Minimum classification error training to improve isolated chord recognition
- Autori: J. REED; Y. UEDA; S. M. SINISCALCHI; U. YUCHI; S. SAGAYAMA; AND C-H LEE
- Anno di pubblicazione: 2009
- Tipologia: Contributo in atti di convegno pubblicato in volume
- OA Link: http://hdl.handle.net/10447/666343
Abstract
Audio chord detection is the combination of two separate tasks: recognizing what chords are played and determining when chords are played. Most current audio chord detection algorithms use hidden Markov model (HMM) classifiers because of the task similarity with automatic speech recognition. For most speech recognition algorithms, the performance is measured by word error rate; i.e., only the identity of recognized segments is considered because word boundaries in continuous speech are often ambiguous. In contrast, audio chord detection performance is typically measured in terms of frame error rate, which considers both timing and classification. This paper treats these two tasks separately and focuses on the first problem; i.e., classifying the correct chords given boundary information.
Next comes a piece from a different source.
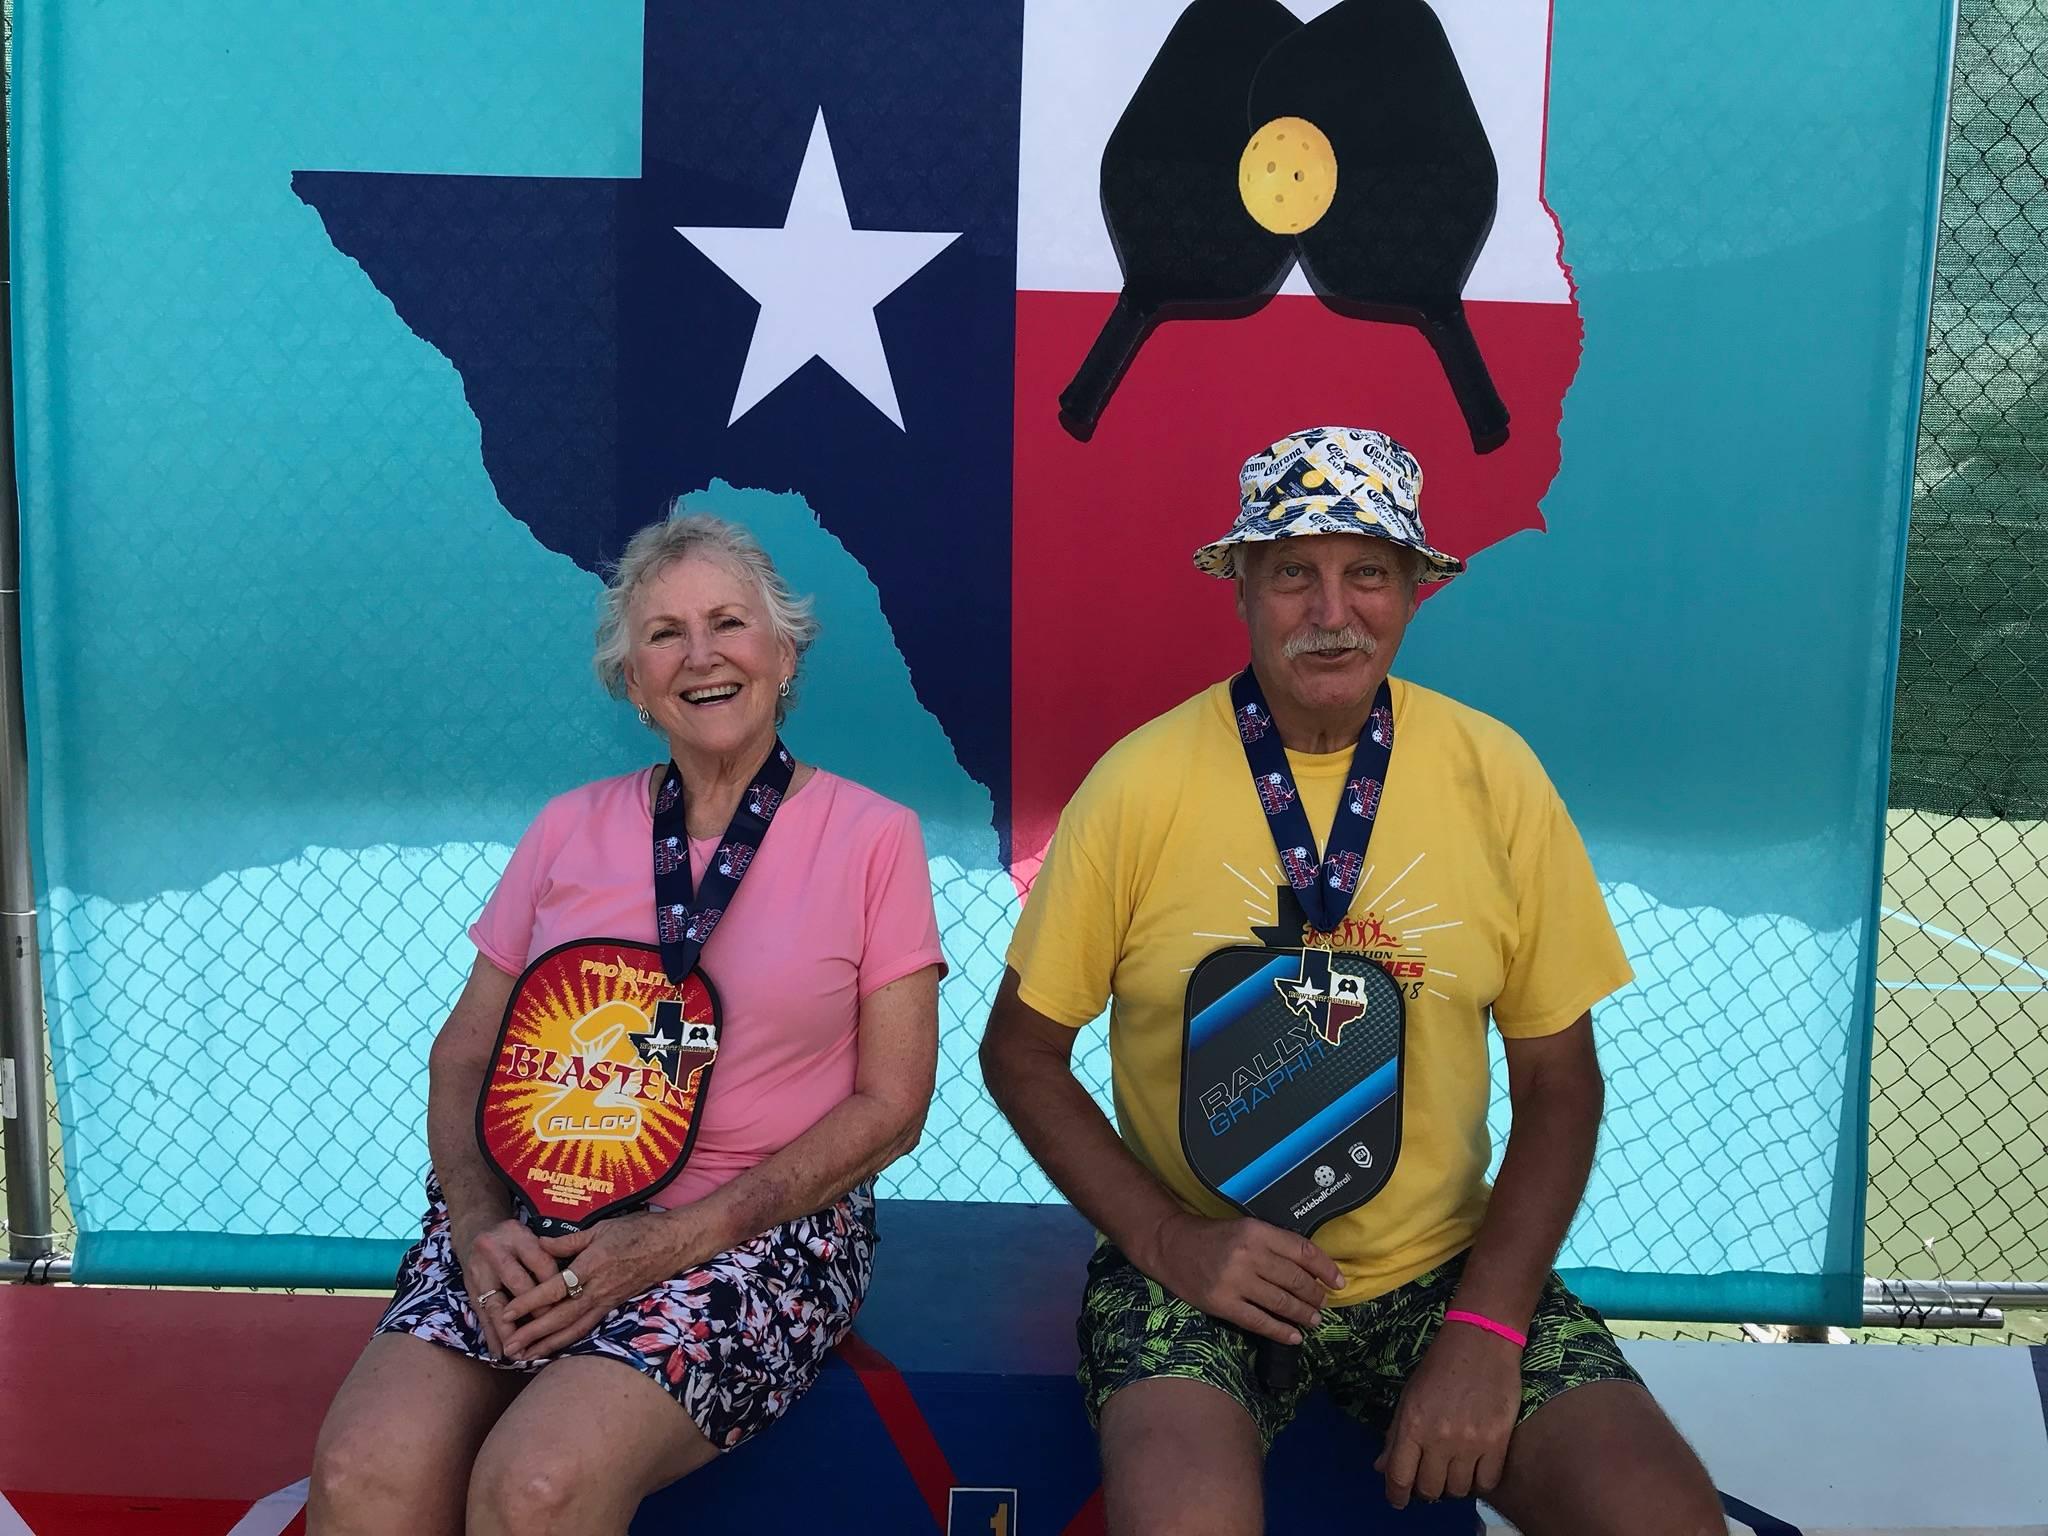 Dennis Reed and Sandra Mathieu

The best performing chroma/HMM chord detection algorithm, as measured in the 2008 MIREX Audio Chord Detection Contest, is used as the baseline in this paper. Further improvements are made to reduce feature correlation, account for differences in tuning, and incorporate minimum classification error (MCE) training in obtaining chord HMMs. Experiments demonstrate that classification rates can be improved with tuning compensation and MCE discriminative training.